## WHAT TO WORK ON
Would you return, word for word, the lines of the data below from the line with "Pits fill with" through the line with "wearjukebox women pink", and no others?

PROVIDED ENTRIES START

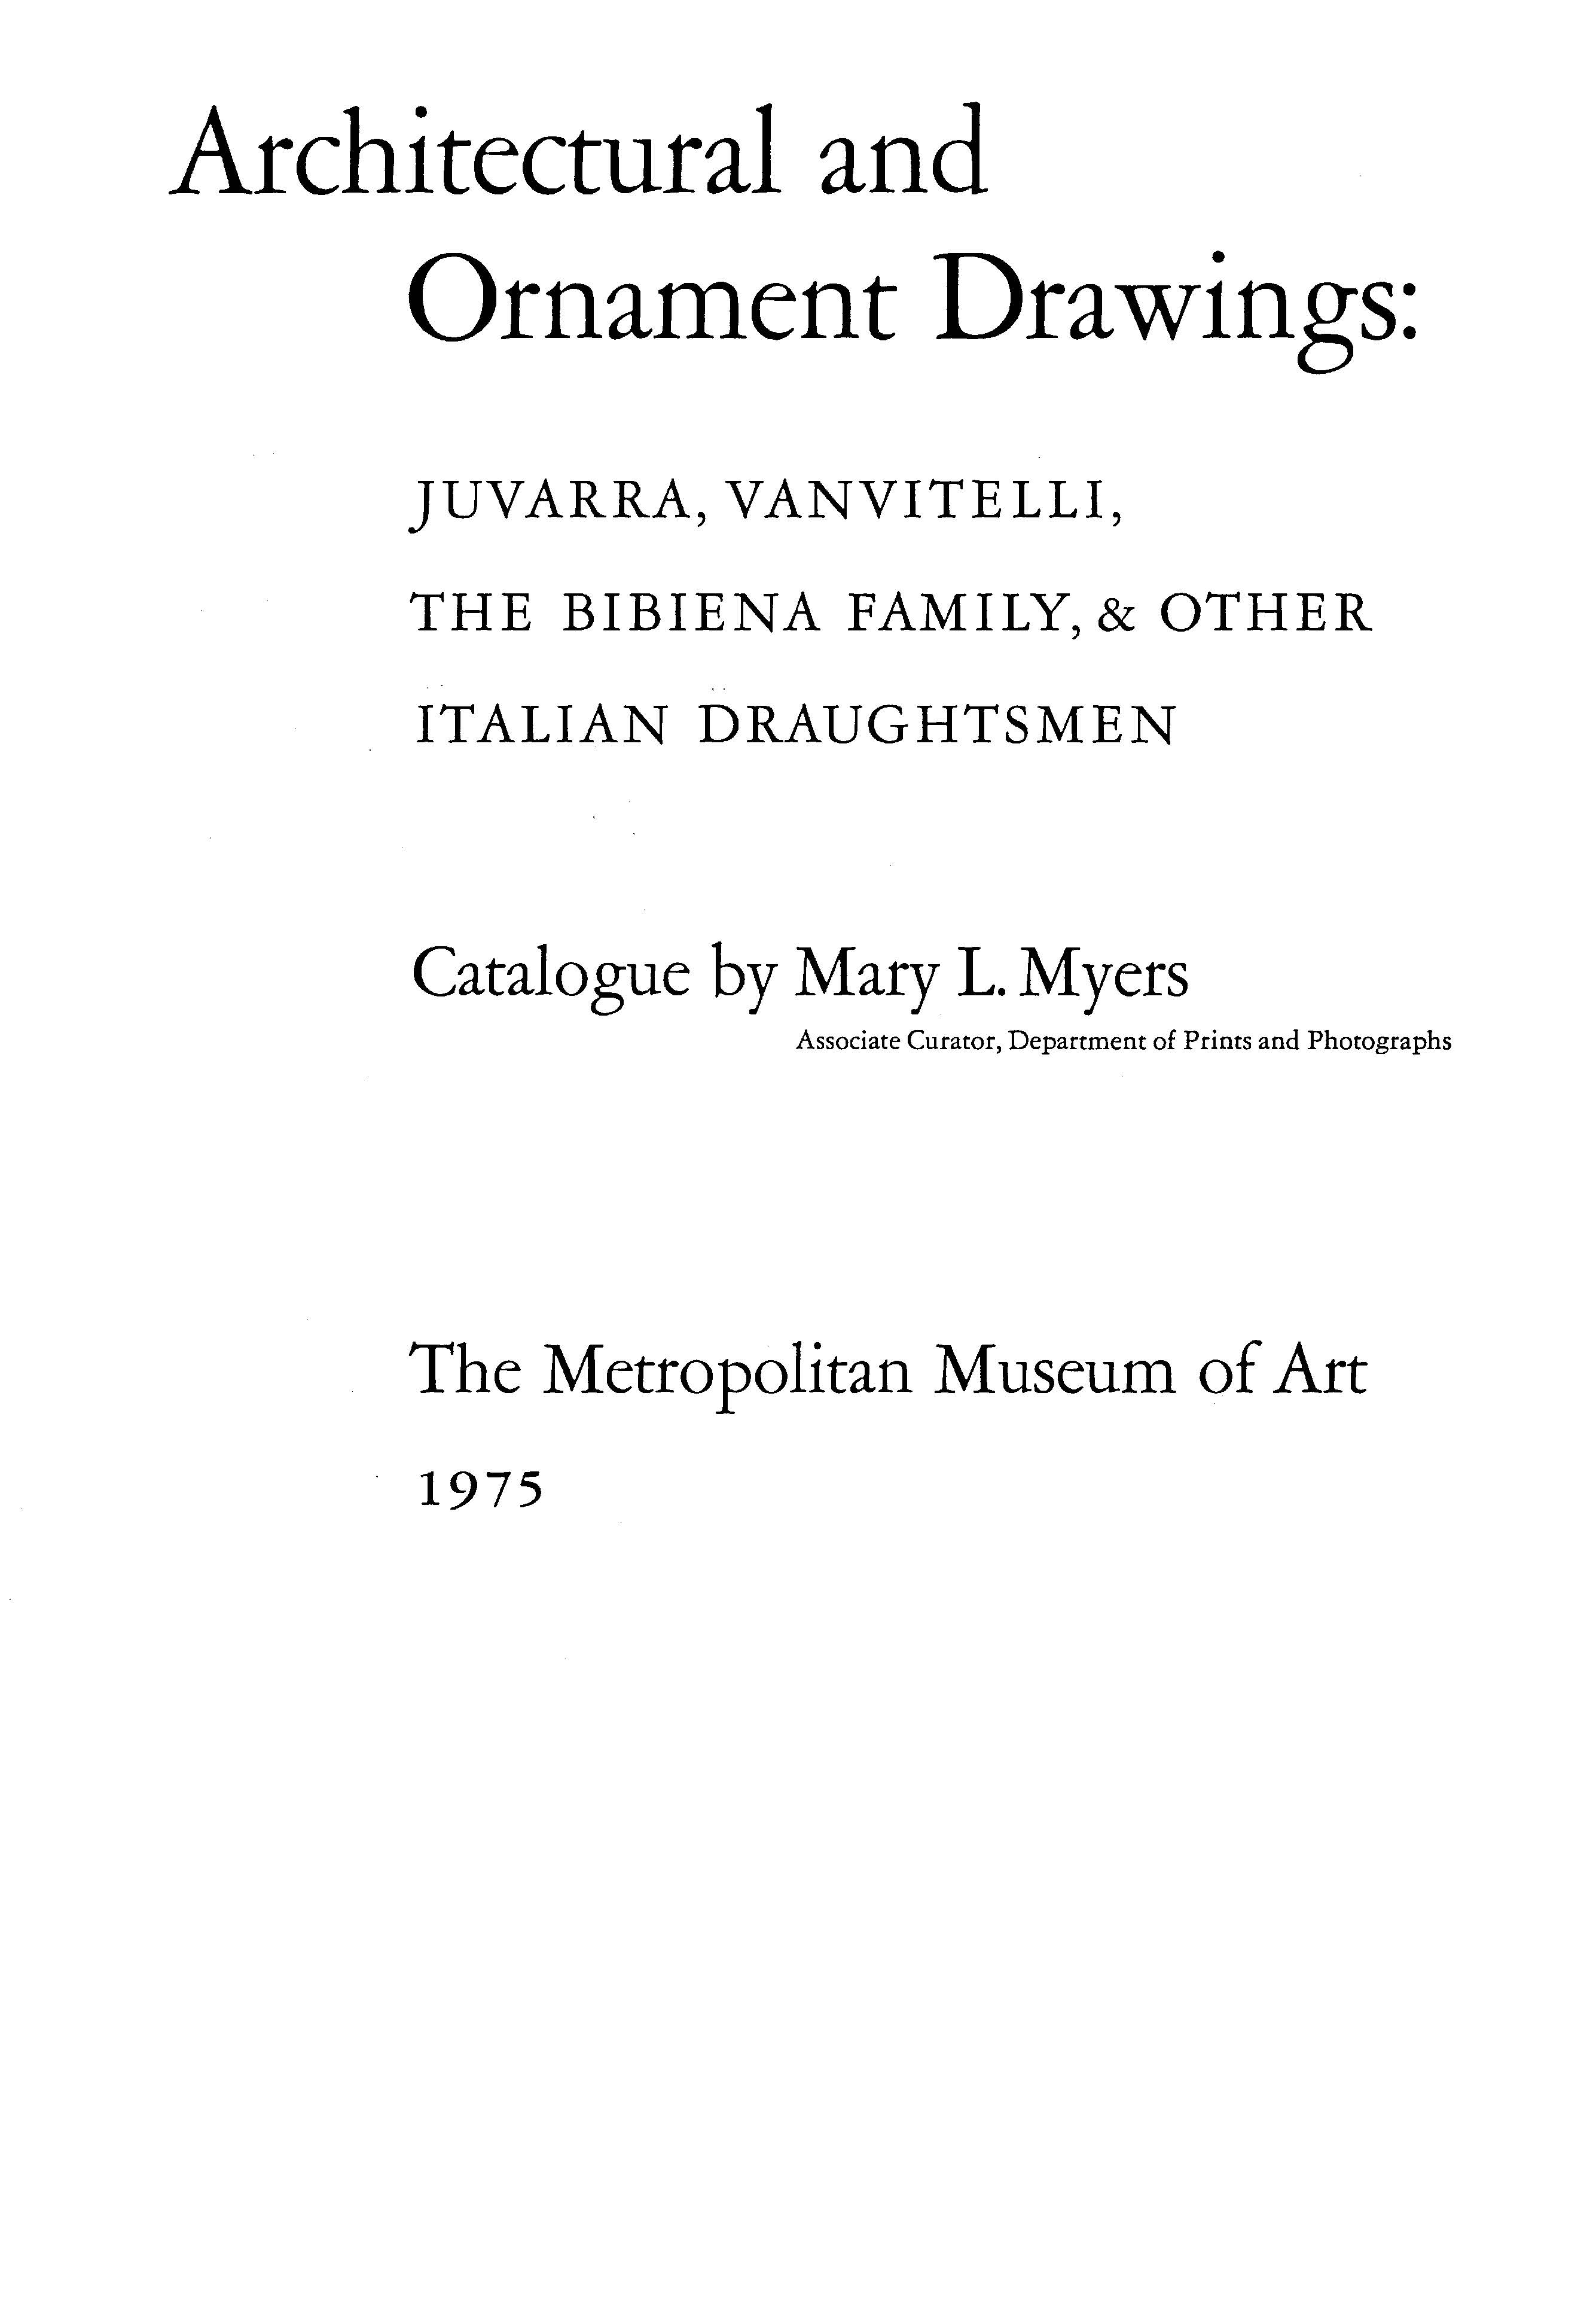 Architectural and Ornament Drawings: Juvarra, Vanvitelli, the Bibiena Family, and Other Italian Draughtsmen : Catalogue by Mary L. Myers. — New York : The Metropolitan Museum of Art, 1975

PROVIDED ENTRIES END
PROVIDED ENTRIES START

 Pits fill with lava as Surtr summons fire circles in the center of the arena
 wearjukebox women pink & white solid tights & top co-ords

PROVIDED ENTRIES END
PROVIDED ENTRIES START

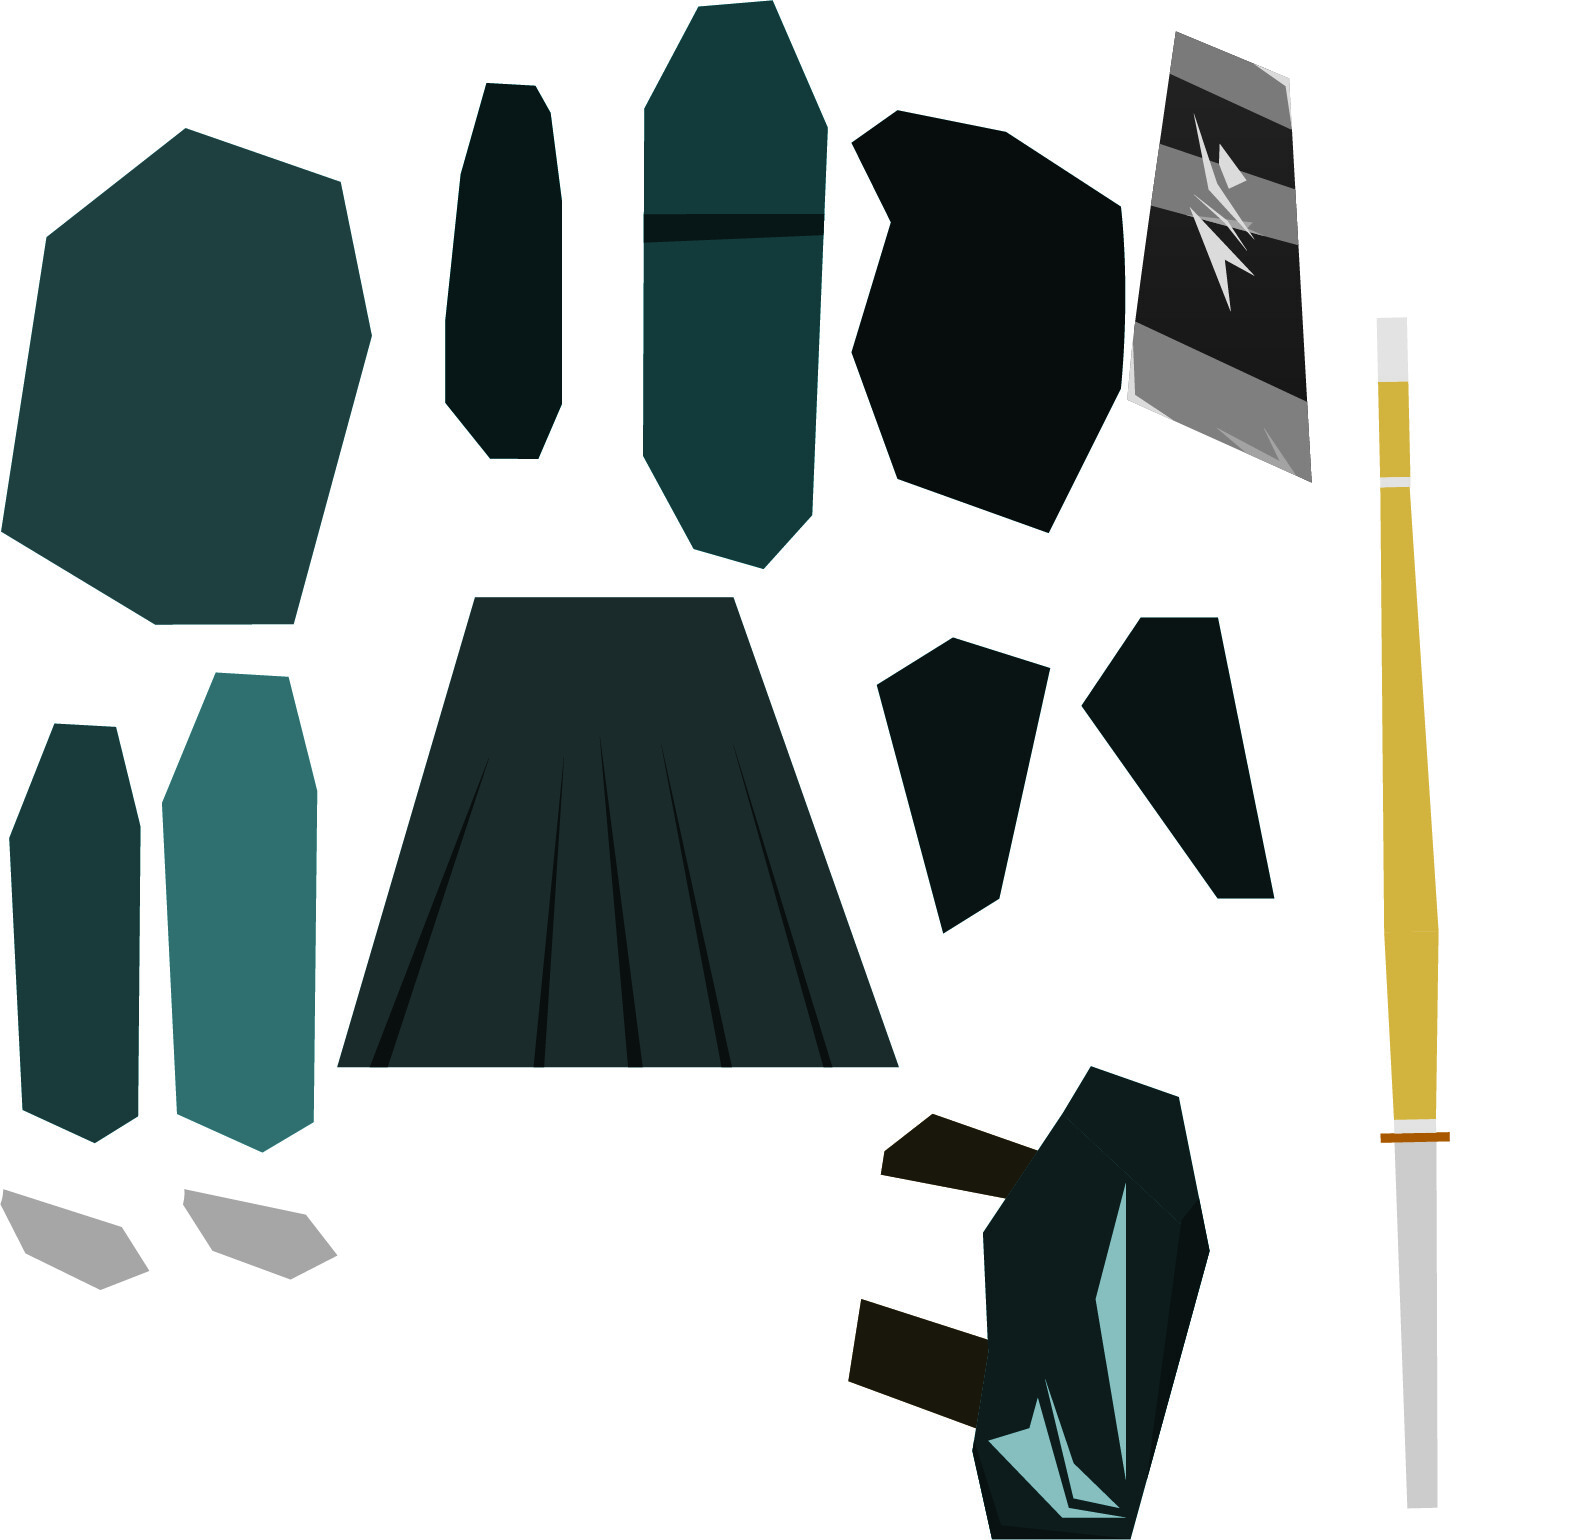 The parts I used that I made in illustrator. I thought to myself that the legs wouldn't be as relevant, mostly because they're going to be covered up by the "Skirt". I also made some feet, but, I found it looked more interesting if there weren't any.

PROVIDED ENTRIES END

## EXERCISE SOLUTION
 Pits fill with lava as Surtr summons fire circles in the center of the arena
 wearjukebox women pink & white solid tights & top co-ords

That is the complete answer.